For the co-immunoprecipitation experiments, XCT-YFP-HA and Myc-COP1 were transiently expressed in Nicotiana benthamiana. The XCT-YFP-HA plasmid has been previously described³³; the Myc-COP1 plasmid was generated by amplifying the COP1 cDNA (see primer sequences in Supplementary Data 3) and cloning it into the pEarleyGate 203 transformation vector⁸⁶ using LR clonase reaction mix (Invitrogen). Leaf infiltrations were carried out largely as described⁹⁰ except that Agrobacterium tumefaciens GV3101 strain was diluted to an OD = 0.1 in 10 mM MgCl₂ for infiltration and tissue was harvested 3 days after infiltration. Extraction of nuclear proteins from Nicotiana benthamiana and Arabidopsis and anti-HA immunoprecipitations were carried out as previously described³⁶. Nuclear lysates or immunoprecipitated samples were analyzed by immunoblotting. The primary antibodies used were: rabbit anti-ELF3¹⁴; mouse anti-Myc (#ZMS1032, Millipore Sigma); mouse anti-HA conjugated to HRP (#12013819001, Millipore Sigma); and mouse anti-actin (#A0480, Millipore Sigma). The secondary antibodies used were: goat anti-mouse HRP (#31430, ThermoFisher Scientific) and goat anti-rabbit HRP (#31460, ThermoFisher Scientific). HRP activity was determined using SuperSignal West Pico chemiluminescent substrate (#34580, ThermoFisher Scientific) and protein abundance quantified using Image Lab software (Bio-Rad Laboratories).
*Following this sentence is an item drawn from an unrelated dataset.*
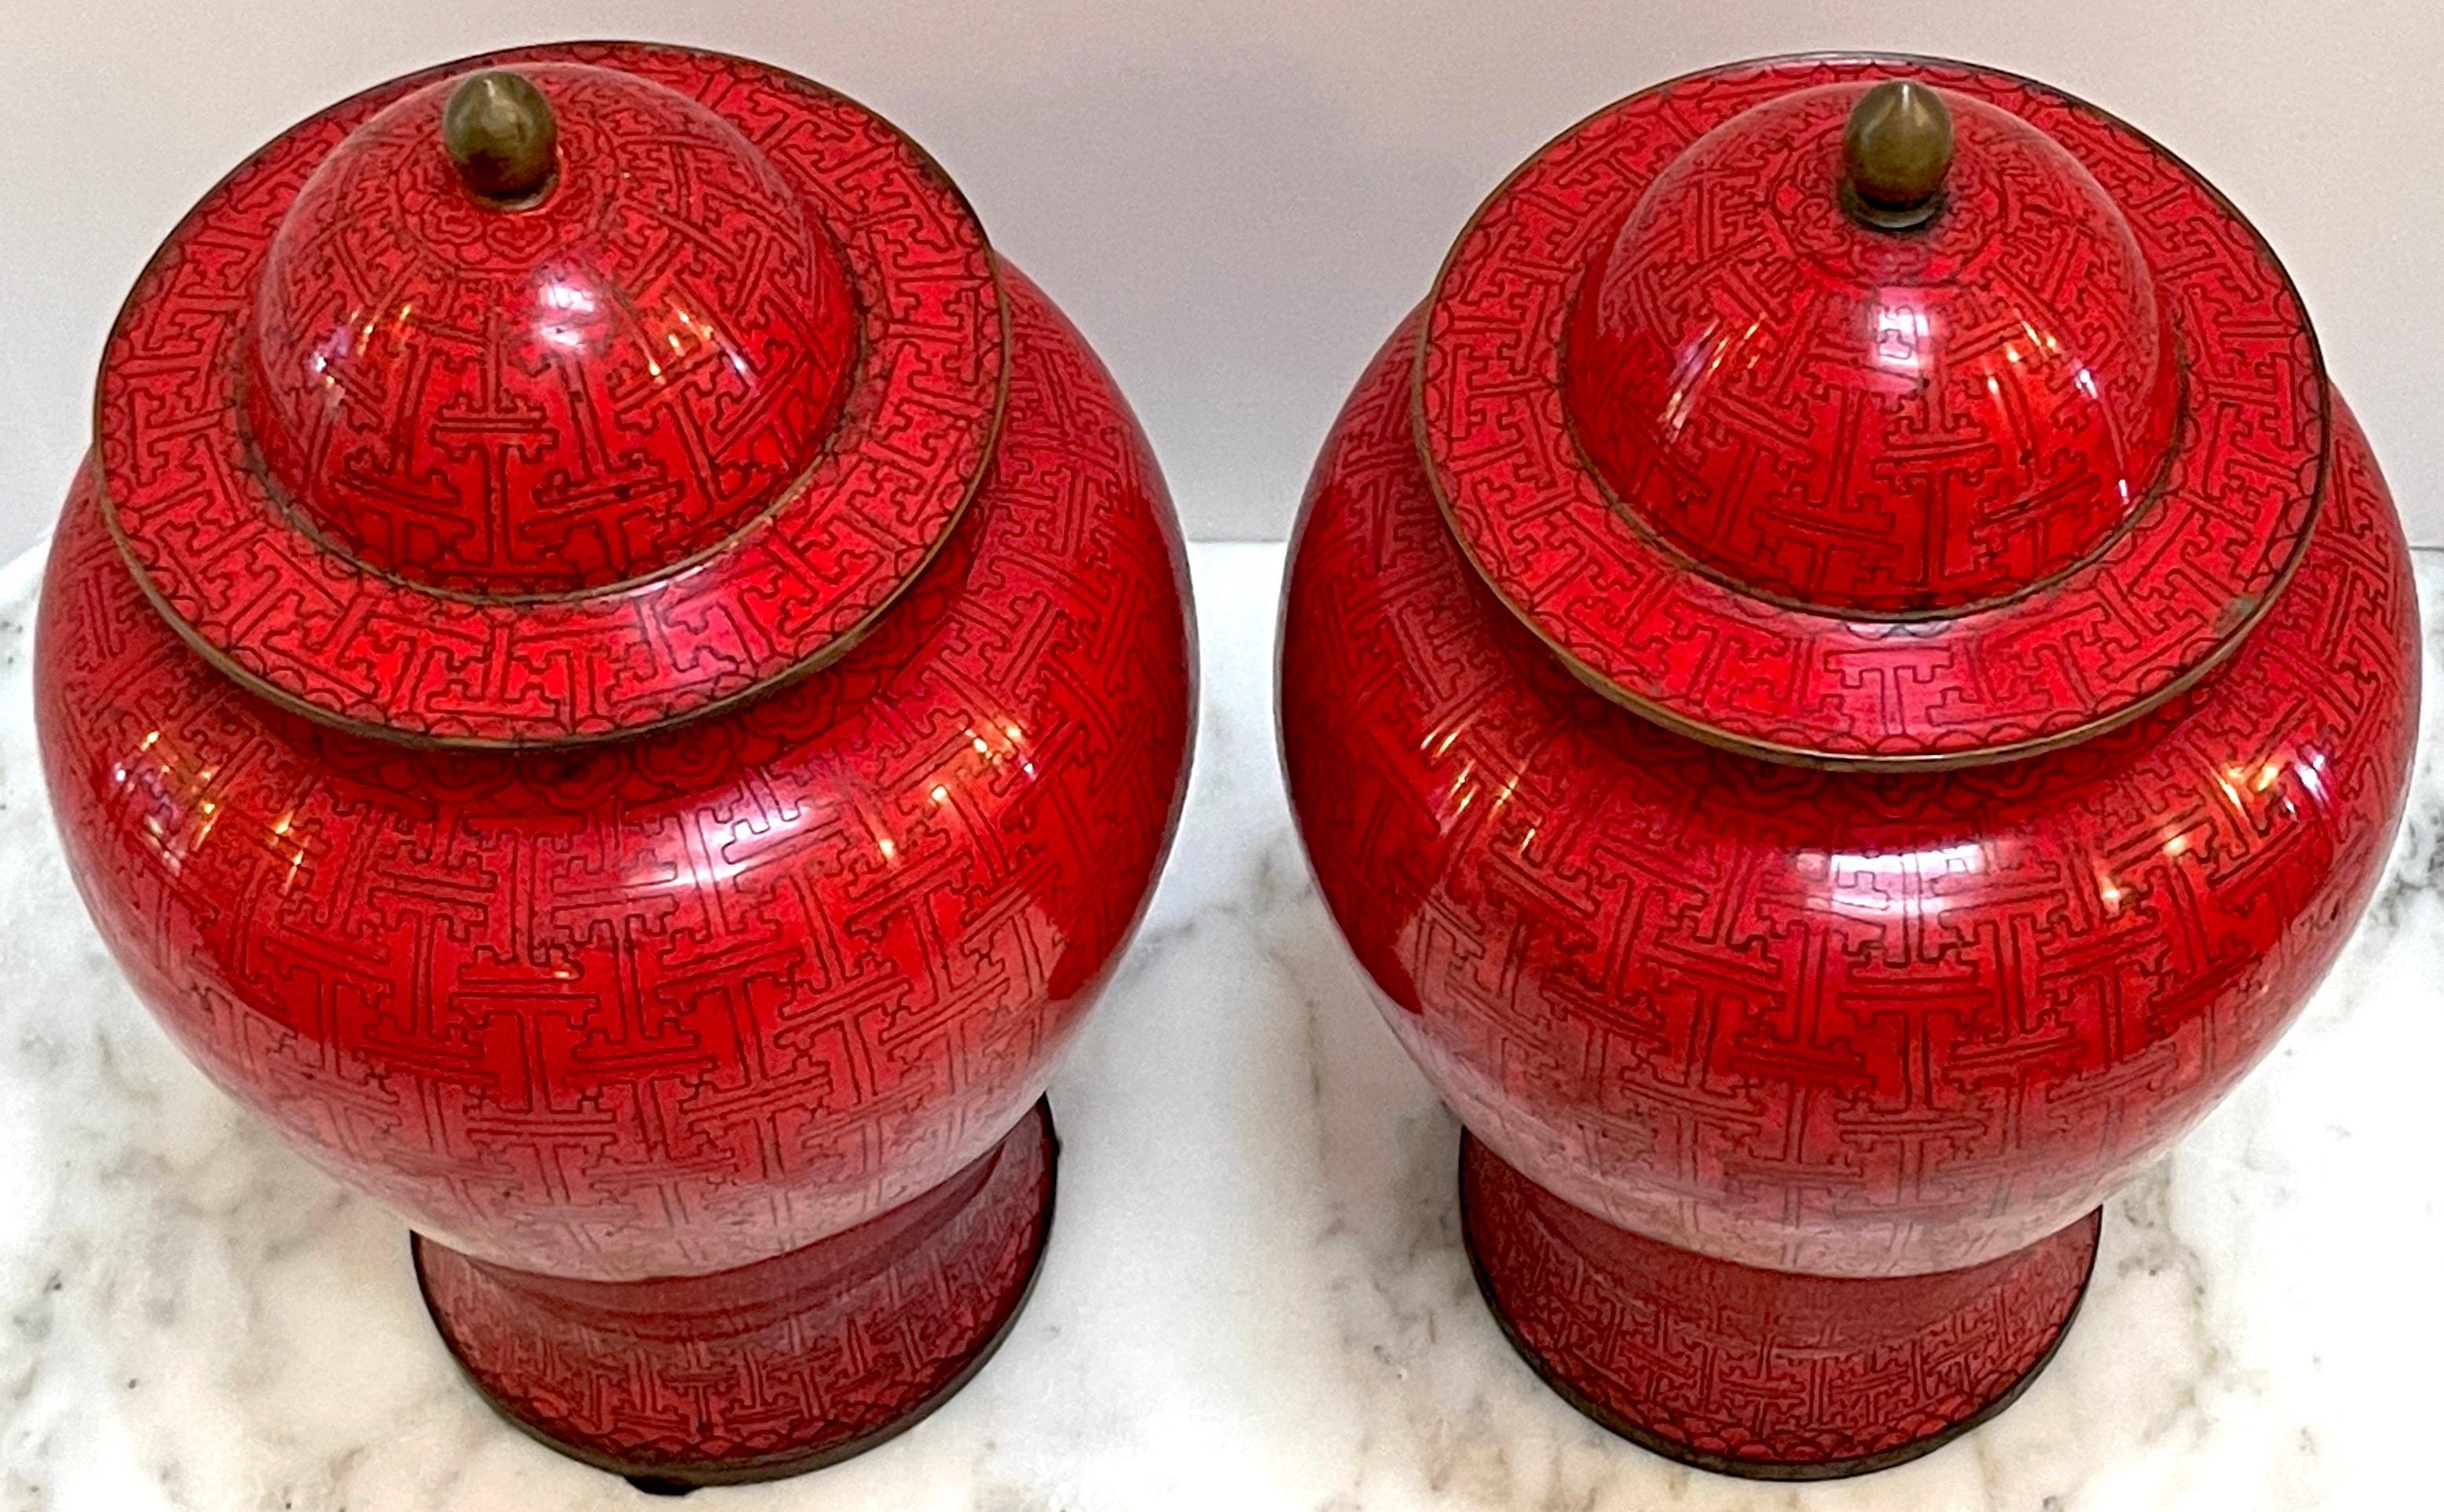 Pair of Chinese Modernist Red Cloisonné Ginger Jars and Stands, Circa 1960s   In Good Condition For Sale In West Palm Beach, FL
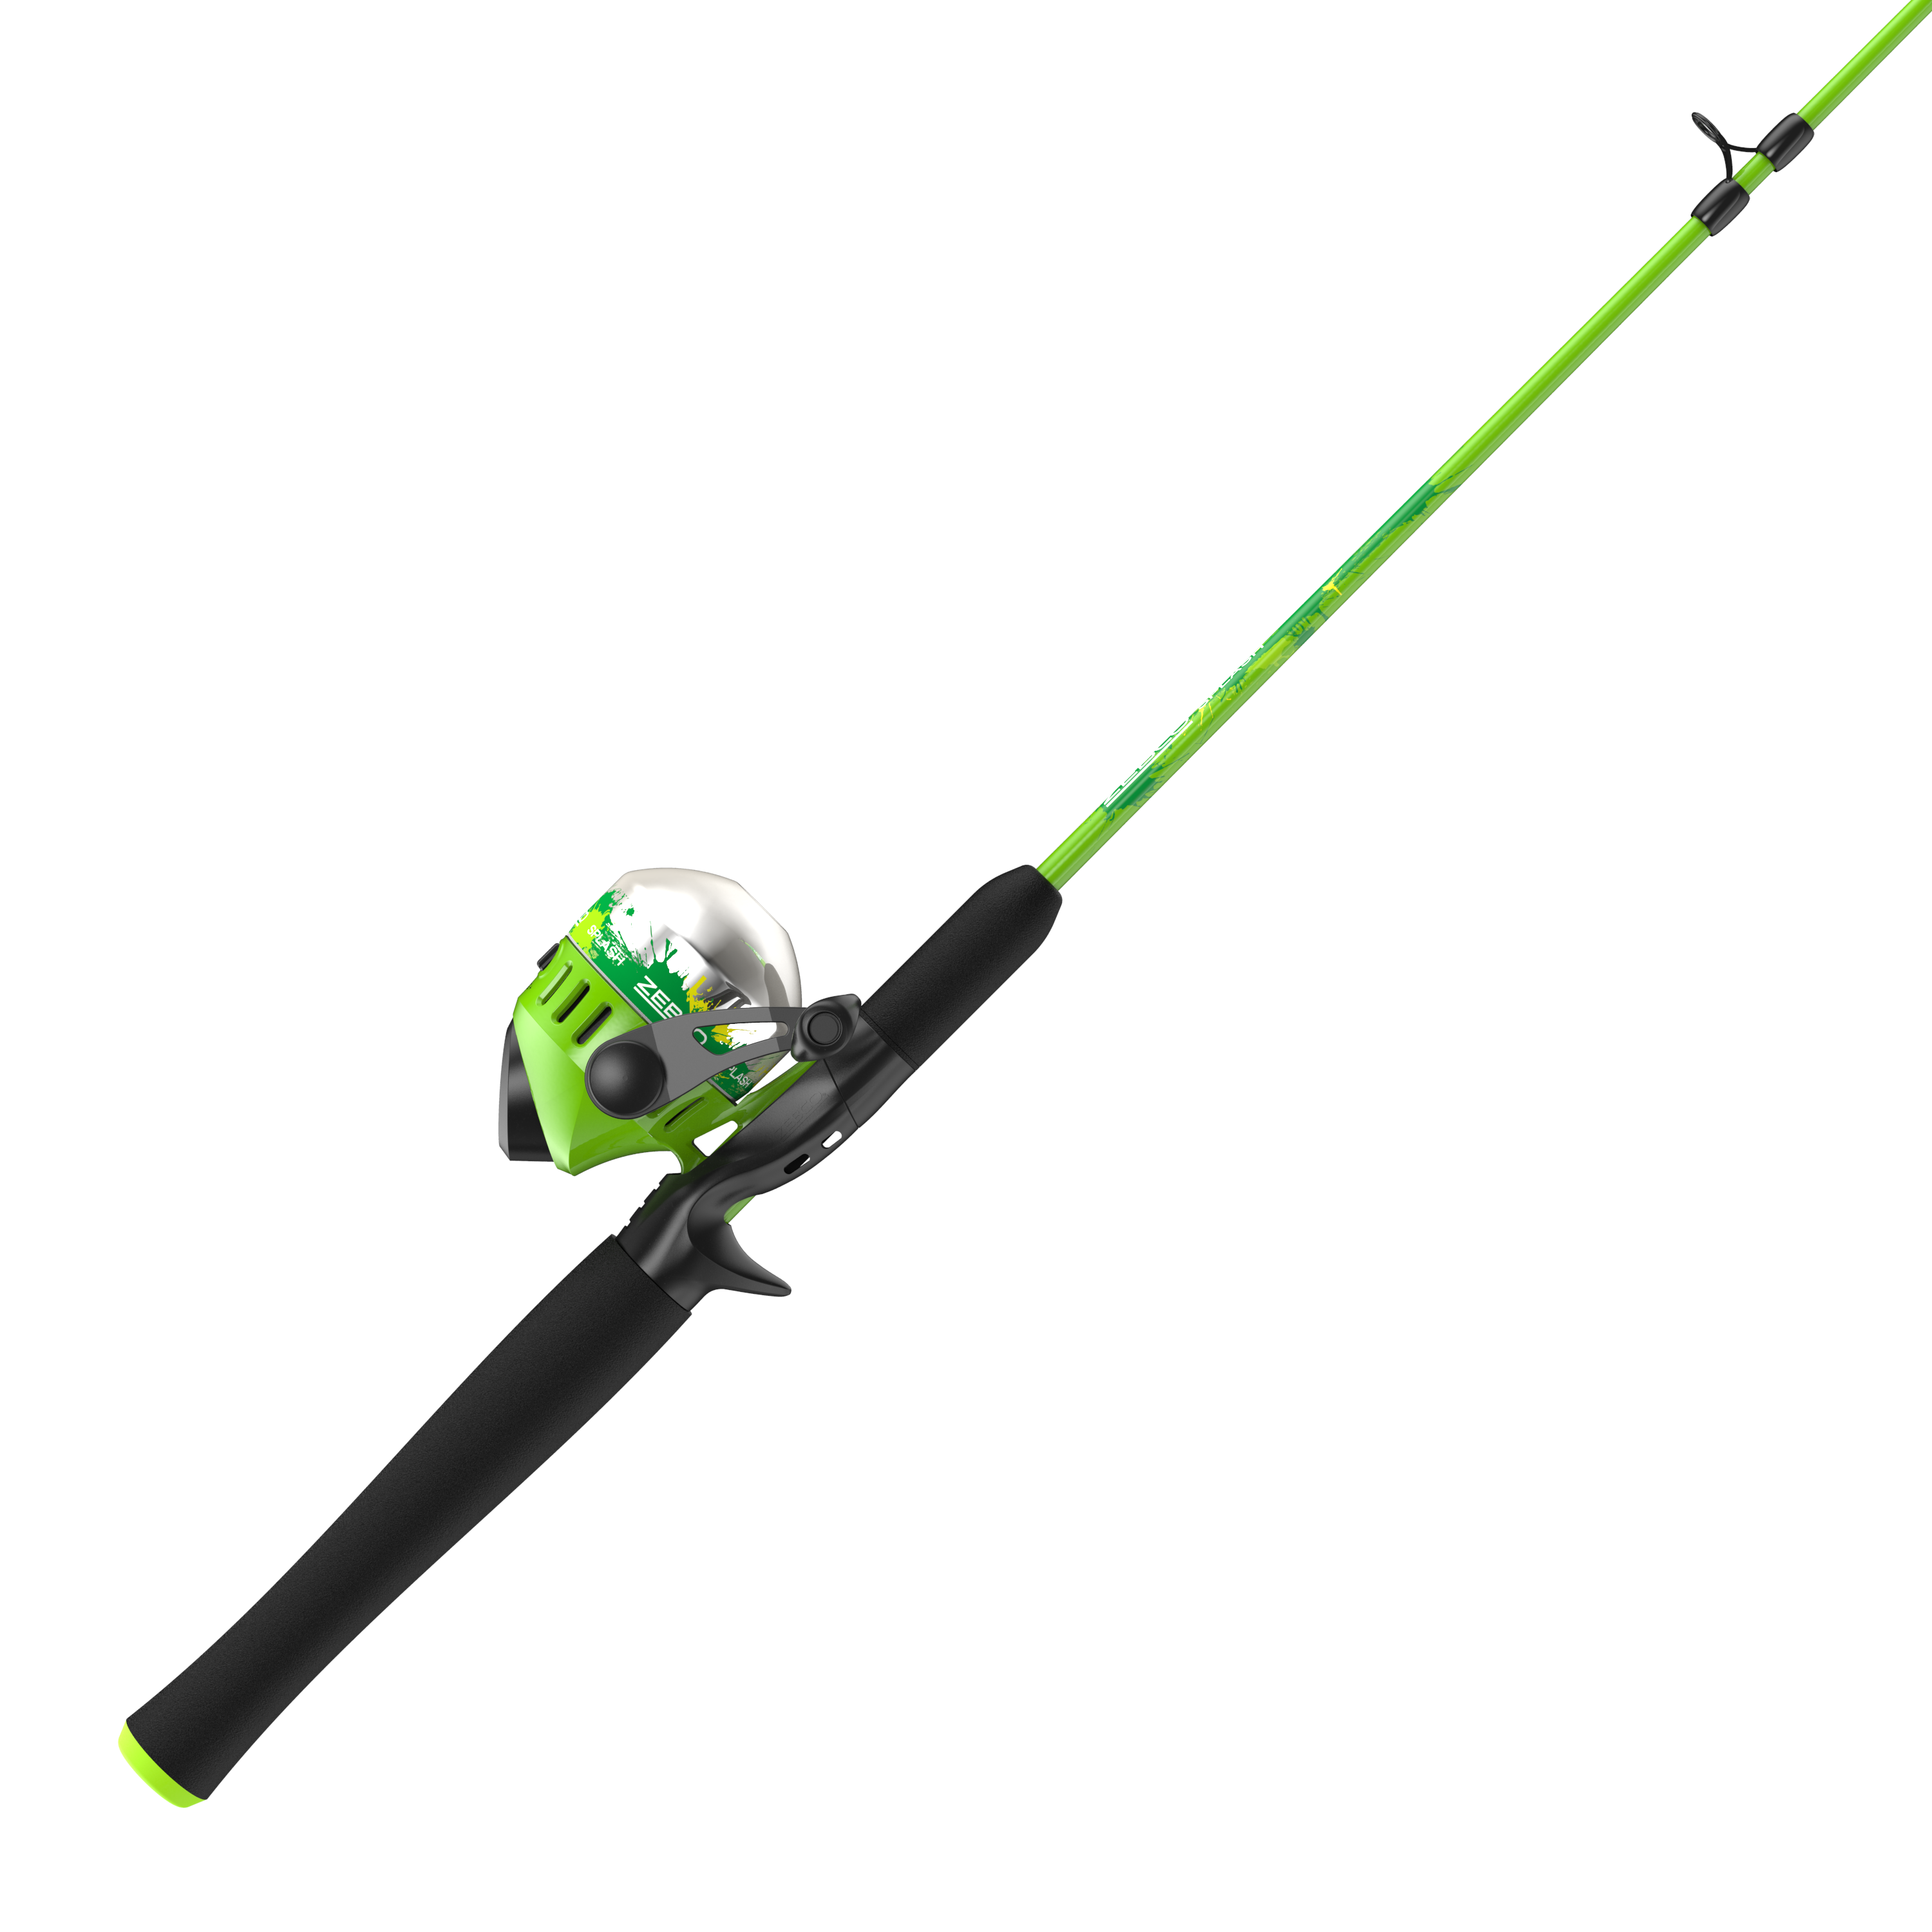  Zebco Kids Splash Floating Spincast Reel and Fishing Rod  Combo, 29-Inch 1-Piece Fishing Pole, Size 20 Reel, Right-Hand Retrieve,  Pre-Spooled with 6-Pound Cajun Line, Blue : Sports & Outdoors

After entrainment in light-dark cycles, seedlings were sprayed with 3 mM D-luciferin (Gold Biotechnology) and moved to the specified light conditions using red and blue LEDs (35 μmol m⁻² s⁻¹ each color; XtremeLUX, Santa Clara, CA) to provide illumination. Plants were imaged for 5–6 days using a cooled CCD camera (DU434-BV, Andor Technology; or ORCA-R2, Hamamatsu Photonics). Bioluminescence was quantified using MetaMorph software (Molecular Devices) and circadian rhythmicity assessed using Biological Rhythm Analysis Software System (BRASS)⁹¹.

Protein sequences of the Arabidopsis thaliana, Homo sapiens, Chlamydomonas reinhardtii, and Schizosaccharomyces pombe XCT homologs were obtained from Uniprot (accession numbers Q8H110, Q14320, A0A159YK42, and Q7LKZ5). Protein alignments were generated using Clustal Omega⁹² and viewed and edited using Jalview 2⁹³. Predictions of disordered domains were obtained from the Database of Disordered Protein Predictions (d2p2)⁶⁷. d2p2 uses nine predictor algorithms (VLXT, VSL2b, PrDOS, PV2, IUPred-S, IUPred-L, Espritz-N, Espritz-X, and Espritz-D^94–99) and requires that 75% of the programs agree before defining a region as disordered.